What you'll learn in this article:
- Why the DROP/CREATE pattern breaks ORM compatibility and how to fix it
- How database schema introspection eliminates schema drift
- Techniques for handling 60+ edge cases in production data
- Performance optimizations that delivered 200-300% improvements
- Practical lessons from a real-world ETL rewrite
The Problem: When ETL Breaks Your Application
The Old Approach
Our original ETL implementation followed what seemed like a logical pattern for full data loads:
- Create a temporary table (
facility_tmp
) with the same schema as the target - Load all data into the temporary table
- Rename the original table to a backup (
facility_bkp
) - Rename the temporary table to the production name (
facility
) - Drop the backup table
Here's what that looked like in code:
BEGIN;
DROP TABLE IF EXISTS public.facility_bkp;
ALTER TABLE IF EXISTS public.facility RENAME TO facility_bkp;
ALTER TABLE public.facility_tmp RENAME TO facility;
DROP TABLE IF EXISTS public.facility_bkp;
COMMIT;
The Hidden Costs
This approach seemed elegant at first—atomic swaps, minimal downtime, easy rollback. But it came with severe hidden costs:
1. Doctrine ORM Incompatibility
Our PHP applications used Doctrine ORM to interact with these tables. When we dropped and recreated tables, Doctrine's metadata cache became stale. Entity managers would hold references to table structures that no longer existed, causing cryptic errors and application crashes.
2. Foreign Key Violations
Tables with foreign key relationships to our ETL tables would find themselves pointing to non-existent tables during the swap. Even though the swap was atomic, the brief moment when the old table was renamed but the new one wasn't yet in place caused cascading failures.
3. Service Disruptions
Monitoring services, reporting dashboards, and dependent applications would all fail during the table swap. What should have been a transparent data refresh became a known source of system instability.

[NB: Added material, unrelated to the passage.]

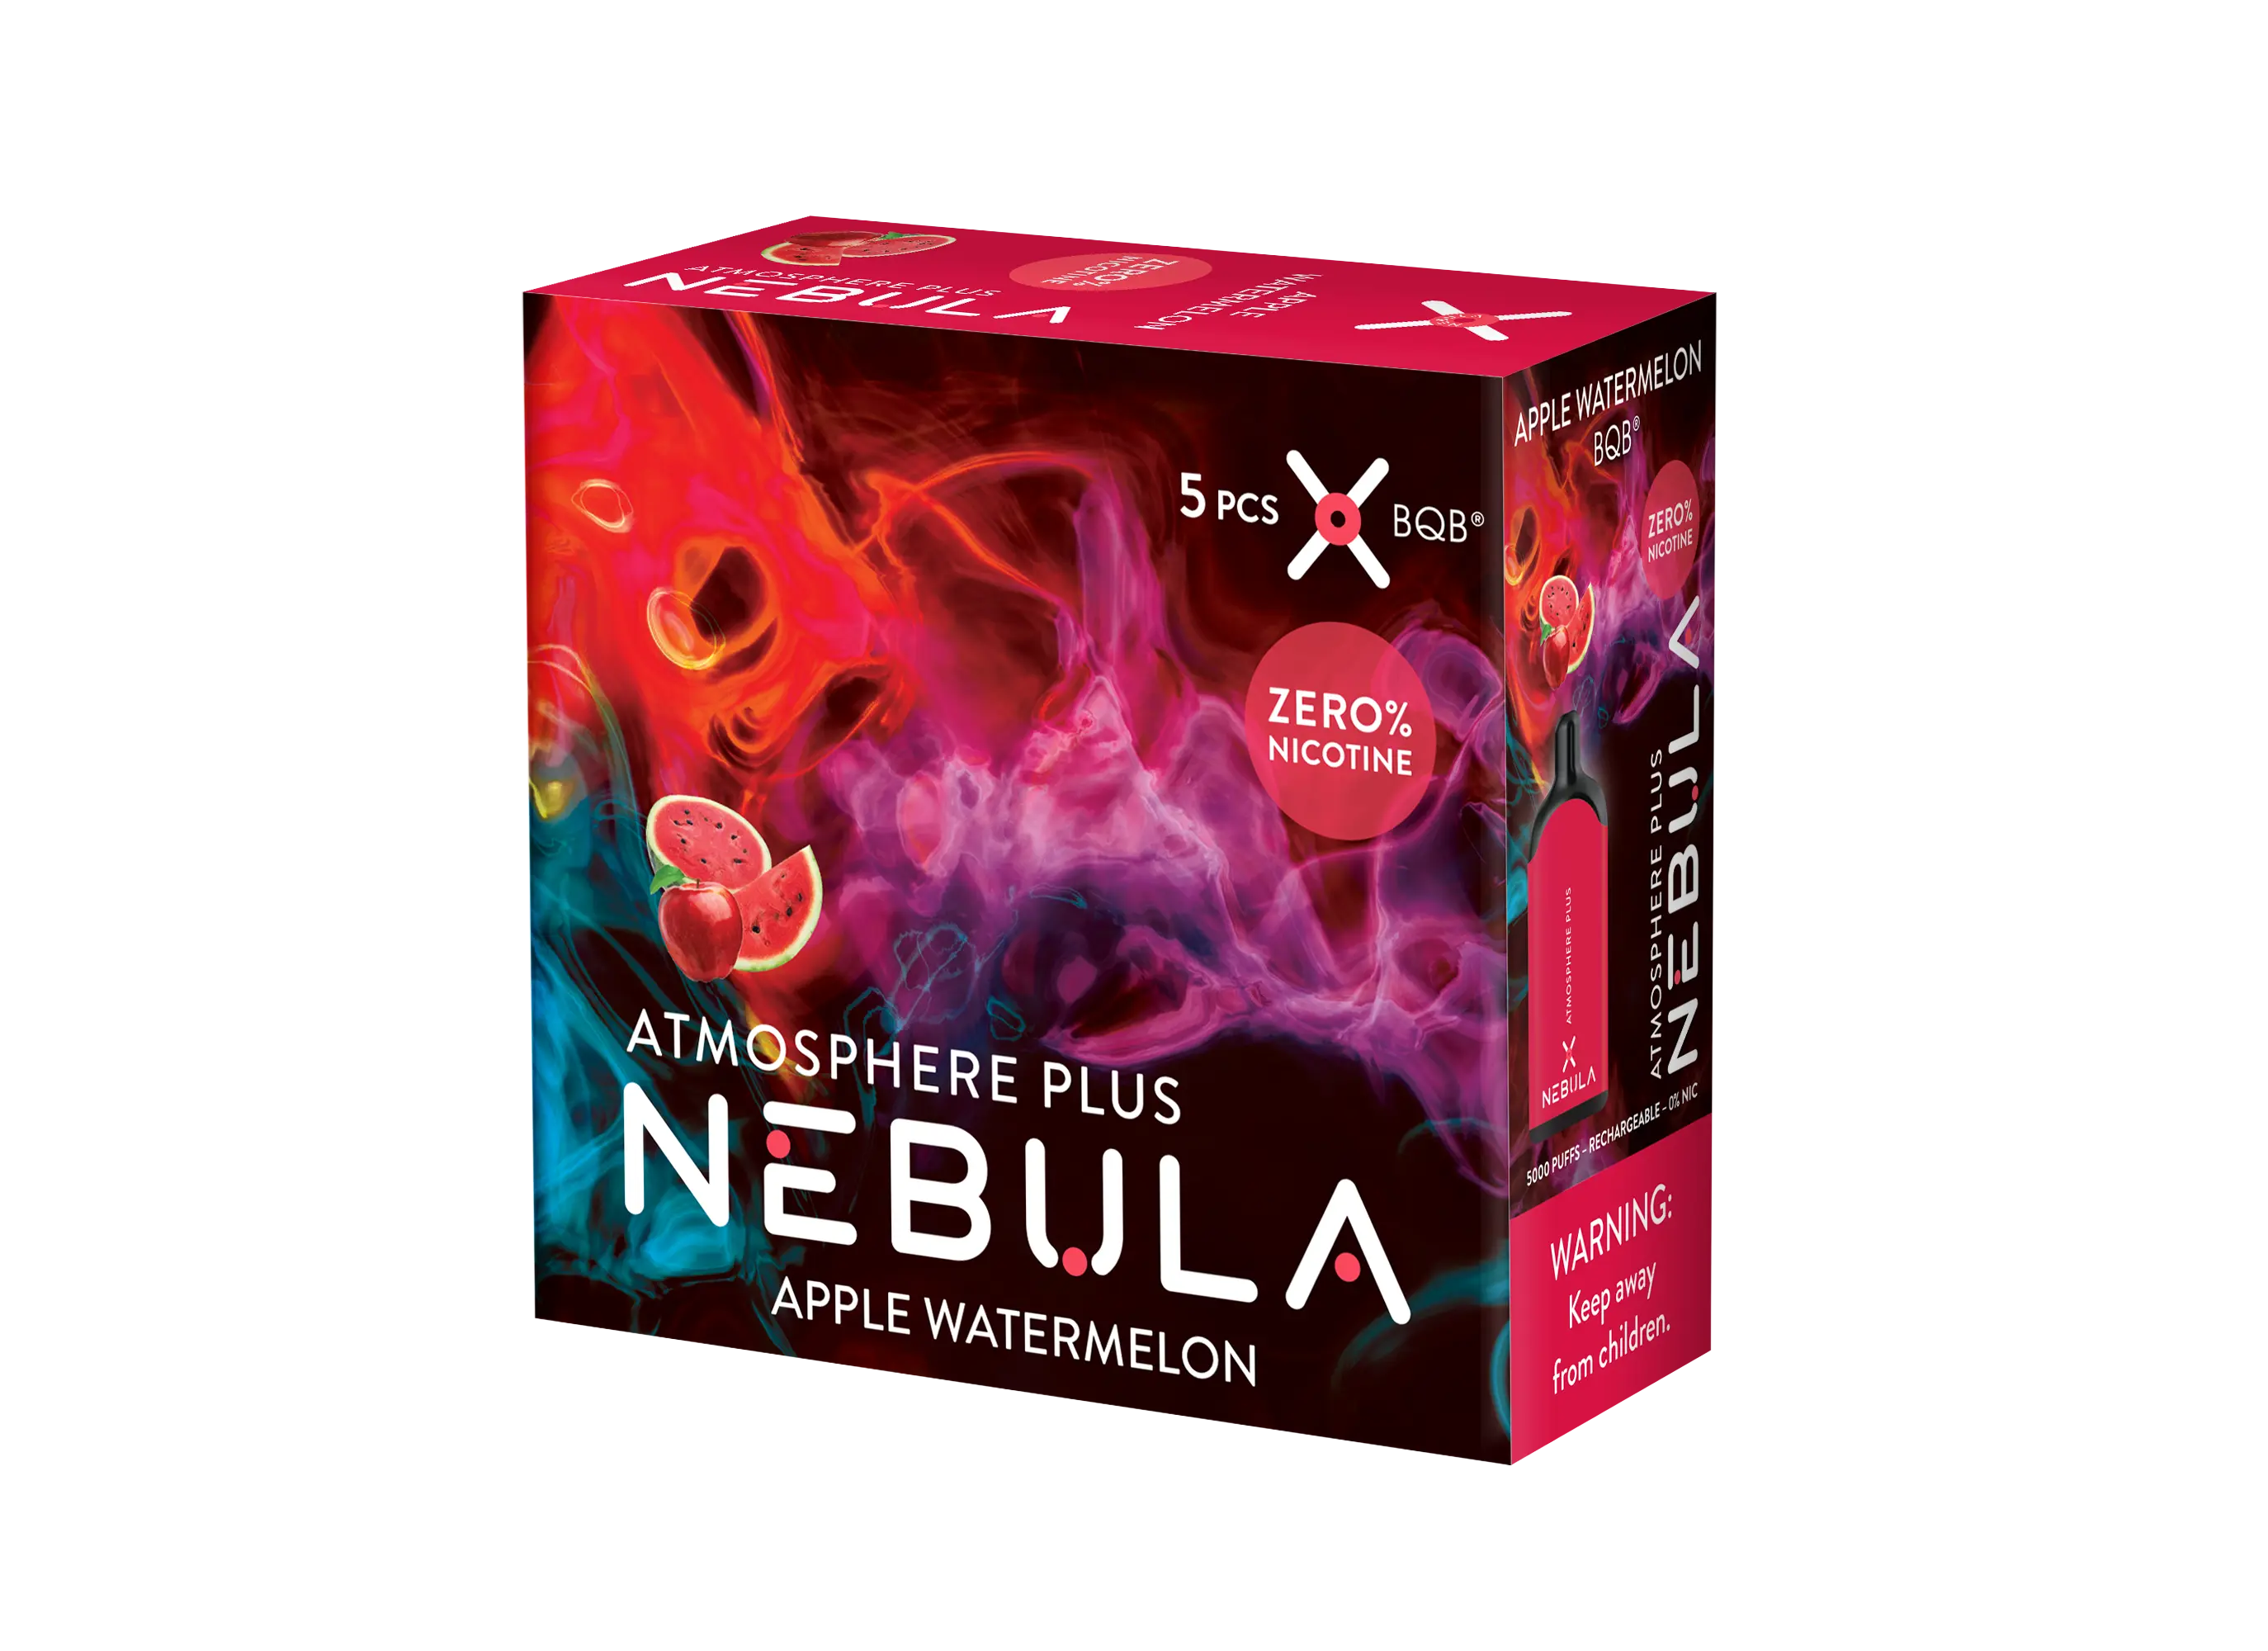 Nebula Atmosphere Plus 0% 5000 Puffs - Apple Watermelon - B2B Nebula

Statistics from our incident logs:
- ~5 Doctrine compatibility issues per week
- ~2 foreign key violations per week
- Overall ETL success rate: ~85%
Clearly, something had to change.
A Note on Legacy Systems: If these problems sound familiar, you're not alone. At Claranet, we've helped several teams navigate similar ETL challenges without disrupting their production environments. The approach we took here—preserving table structures while modernizing the data flow—has proven effective across different tech stacks and data volumes.
The Solution: Preserve, Don't Replace
Core Architectural Principle
The breakthrough came from a simple realization: we don't need to replace the table, we just need to replace the data. This led us to our new core principle:
Preserve the table structure, indexes, sequences, and foreign keys. Only touch the data.

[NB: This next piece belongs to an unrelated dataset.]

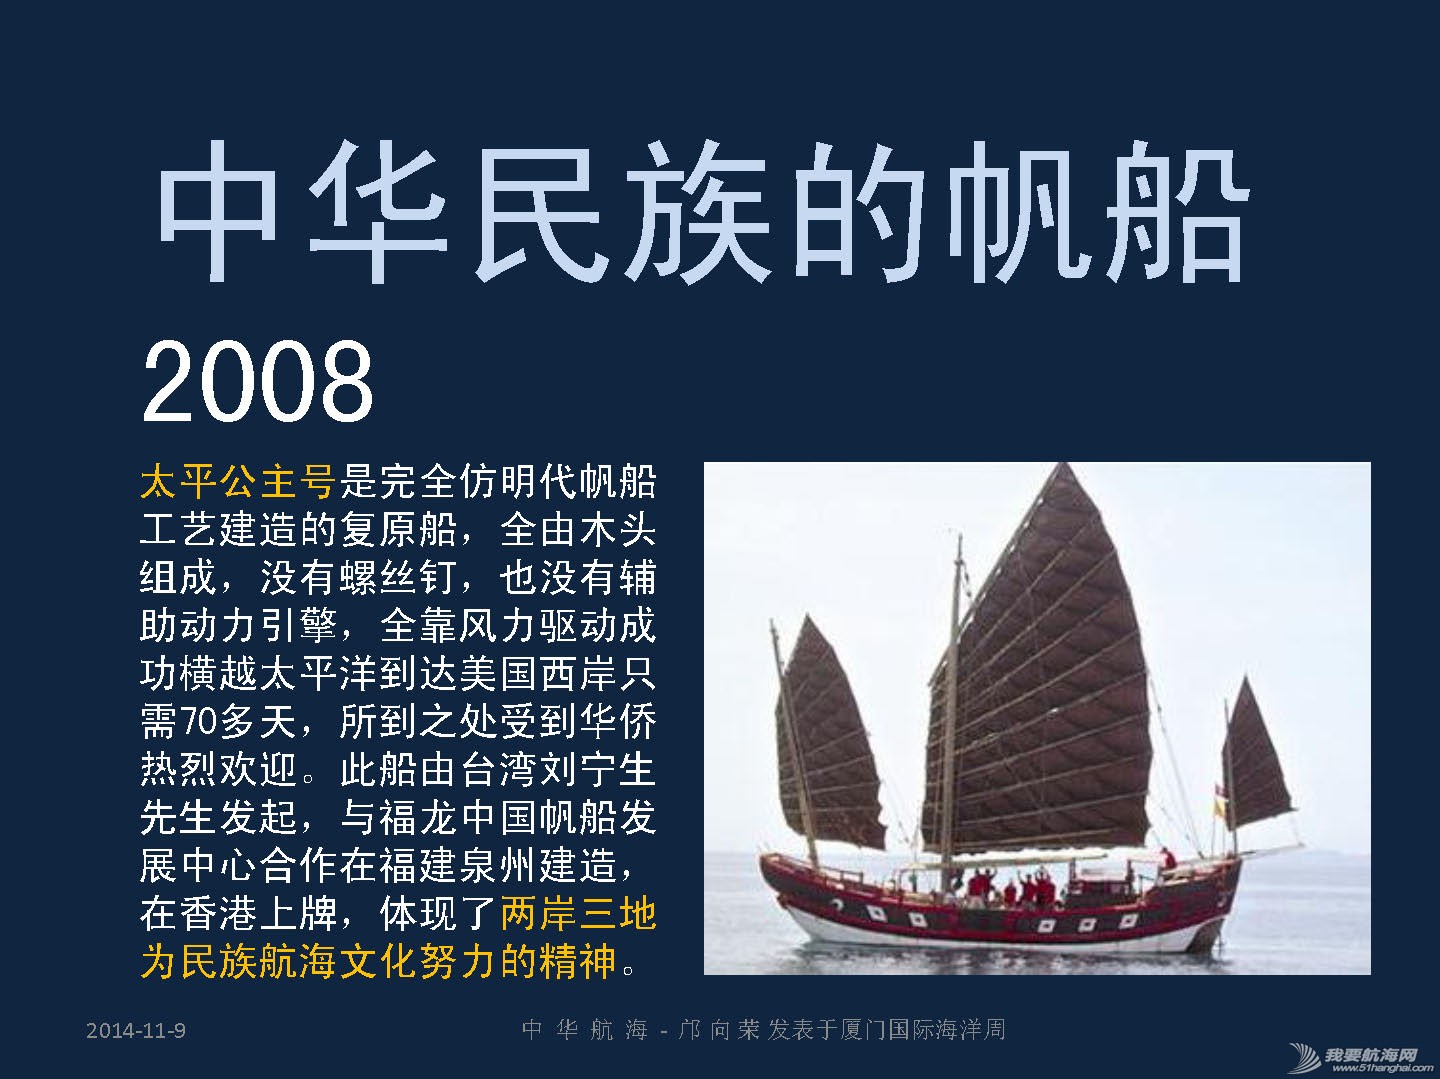 邝向荣保护中式帆船文化-中华航海-演讲稿_Page_29.jpg

TRUNCATE Instead of DROP/CREATE
The centerpiece of our new approach is using TRUNCATE
instead of DROP TABLE
:
def truncate_table_if_full_load(engine, schema, table, is_incremental):
if not is_incremental:
with engine.begin() as conn:
logging.info(f"FULL_LOAD_OVERRIDE active: truncating {schema}.{table}")
conn.execute(sa_text(f"TRUNCATE TABLE {schema}.{table}"))
This single change solved our Doctrine problems. The table never disappears—its structure, constraints, and relationships stay intact. We just remove all rows and load new ones.
Why This Works
Table Metadata Preserved:
- Doctrine's entity metadata remains valid
- No cache invalidation needed
- No application restarts required
Foreign Keys Intact:
- Referencing tables never lose their relationships
- ON DELETE CASCADE
behaviors work correctly
- No constraint validation errors
Sequences Maintained:
- AUTO_INCREMENT and SERIAL columns keep their sequences
- No sequence ownership issues
- No duplicate key errors on subsequent inserts
Technology Stack Evolution
The rewrite involved more than just changing our approach to table management. We made several strategic technology decisions:
From Polars to Pandas
Old: Used Polars for DataFrame operations
New: Switched to Pandas
Reasoning: While Polars is faster, Pandas has a more mature ecosystem, better BigQuery integration, and more reliable date/time handling. For our use case, the slightly slower performance was worth the stability and compatibility gains.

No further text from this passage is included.